Now, I hate to put this out there, but “In-shape” is completely subjective. Great shape to one person might be mediocre to a seasoned athlete. And, where coaches are constantly making judgments of a player’s worth, the player often must bend to the coach’s will to insure he is held in good standing.

So, imagine doing nothing but 30-60yd sprints for an entire offseason, and then showing up to spring training to face a timed 4-mile run. How will you do? How will the coaching staff look at you?

Chances are, you will do OK, and your body composition and strength will be high enough to allow you to handle the run. But, you won’t do nearly as well as you could, had you done a little distance running intermixed with your sprinting.

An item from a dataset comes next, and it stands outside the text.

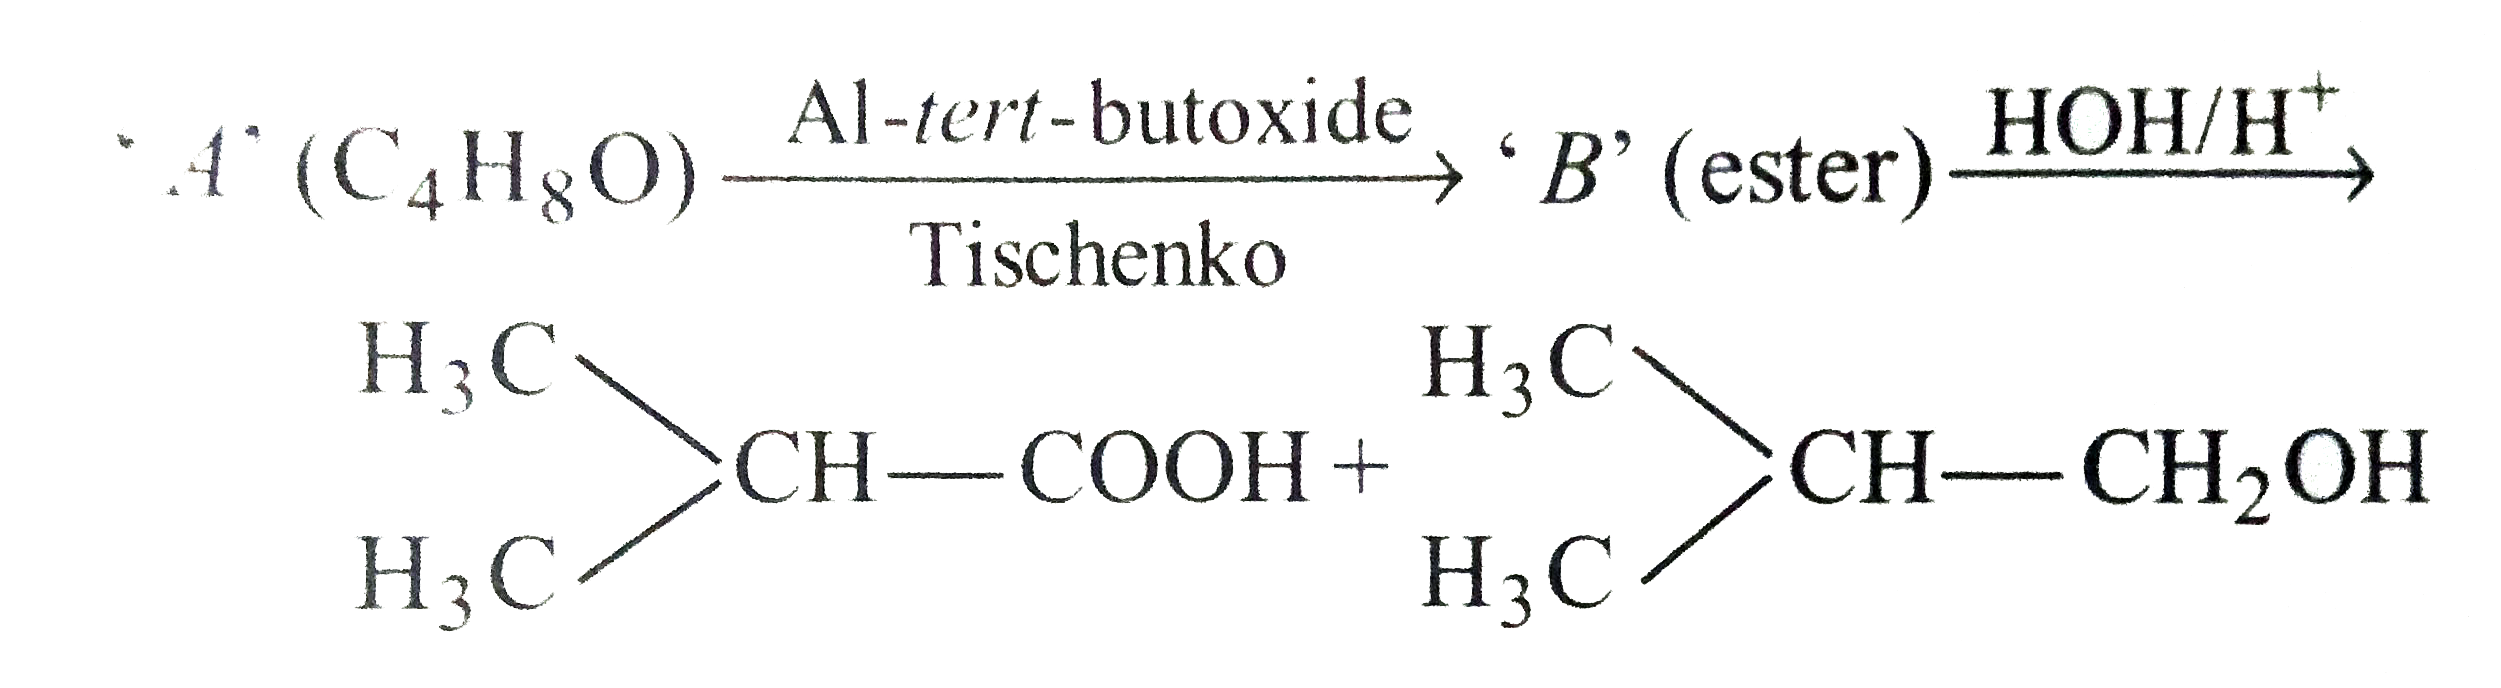 Aldehyde      'A' and 'B' are :

This situation will be faced by many athletes as they approach spring training. Do you prepare in only the way that is maximally effective, regardless of how it might make you look, or do you train with some compromise to appease a subjective coaching staff?

“Coach, I know I didn’t do well on the timed run, but I promise you, my anaerobic capacity is through the roof.”

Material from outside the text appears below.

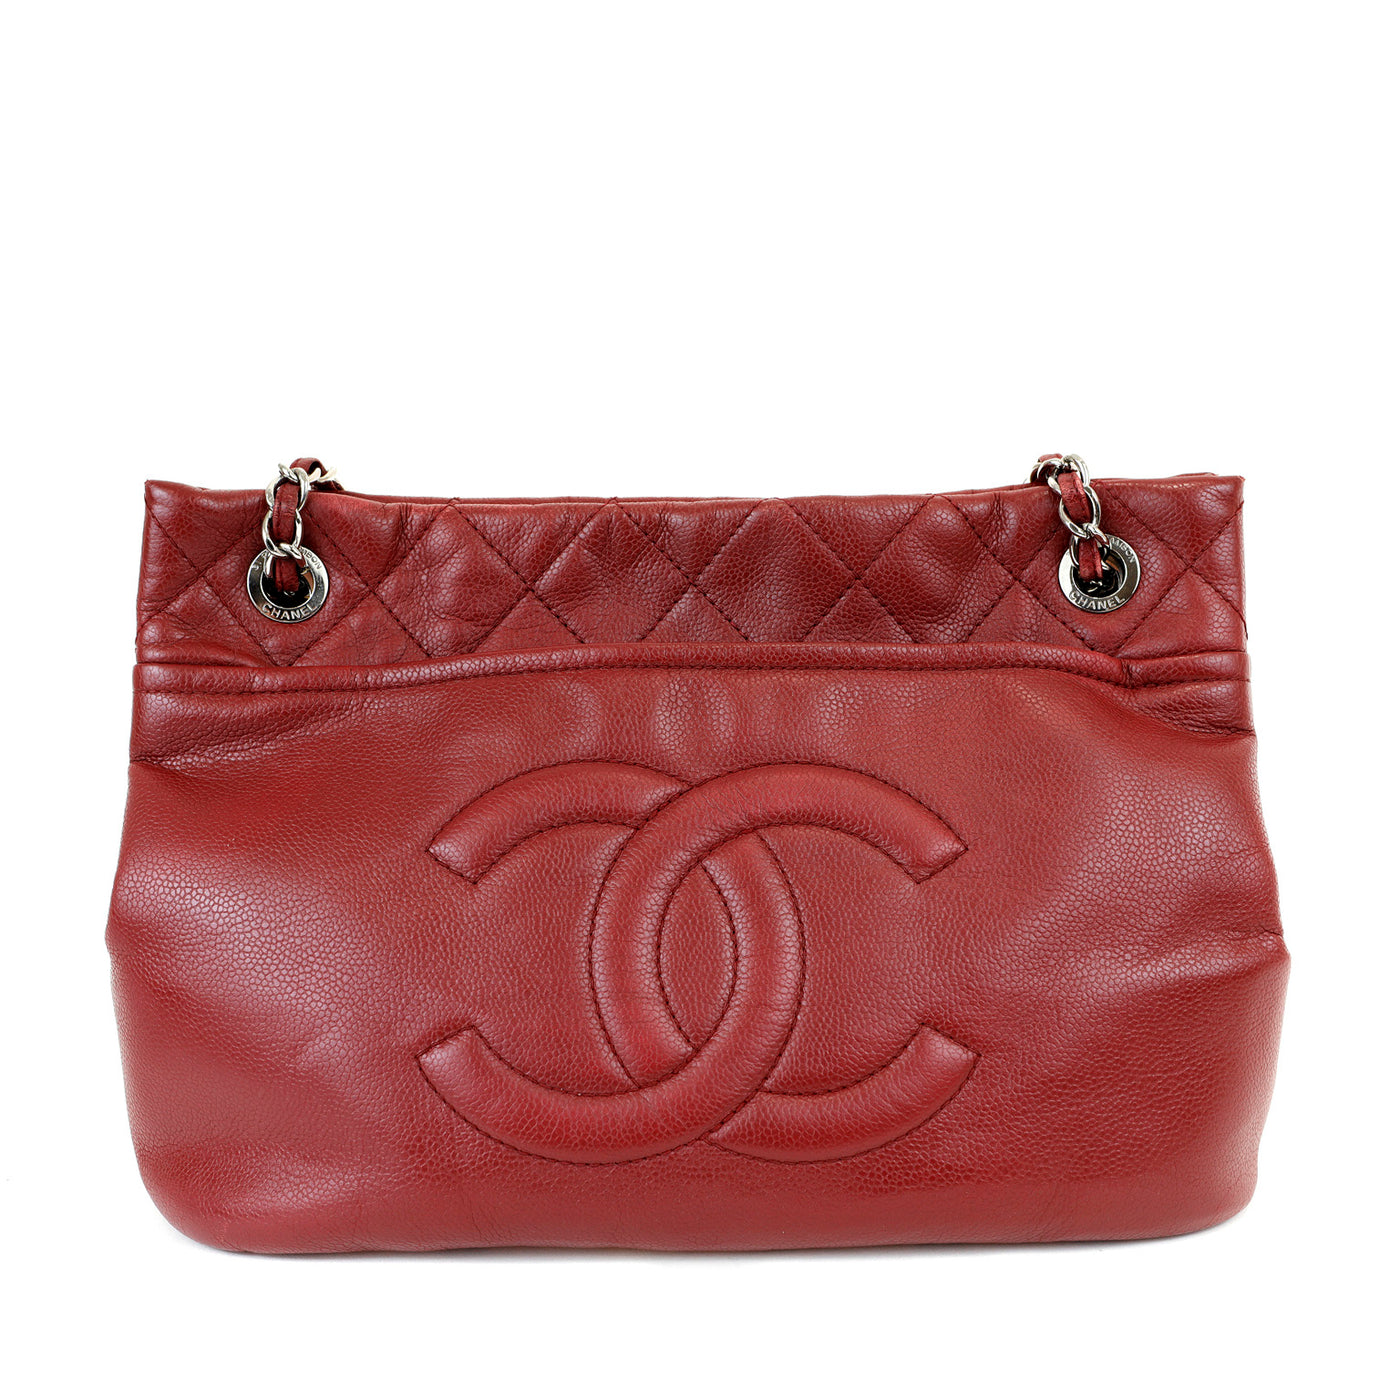 Chanel Red Caviar Leather Tote with Silver Hardware

Where is that excuse going to get you if you’re trying to make it through a round of cuts, when the other guys looked better than you physically because they trained in an inferior method? It’s a tough question to answer.

I would like some comments with your thoughts on this matter, but I will leave you with mine: Train to make it onto the field first, then train to perform as best you can once on it.

Like I said, it’s all about perception in the coach’s eyes whether or not you are worthy of representing their team on the field. It’s irrelevant what tests they administer to make this conclusion, the bottom line is that you have to live up to them. So, If you need to prove that you’re in shape by running long distance, then you need to include some distance running into your program along with the good stuff like sprints that you know you need to do to improve. Maybe it’s just one distance run per week-who knows-but your first priority should be to make it onto the field by being impressive in whatever task you are asked to perform.

And yes, I am a firm believer that sprints are what a pitcher needs, and distance is counterproductive. But, is one long distance or maybe two short distance runs per week going to decrease your performance? I’m not so sure.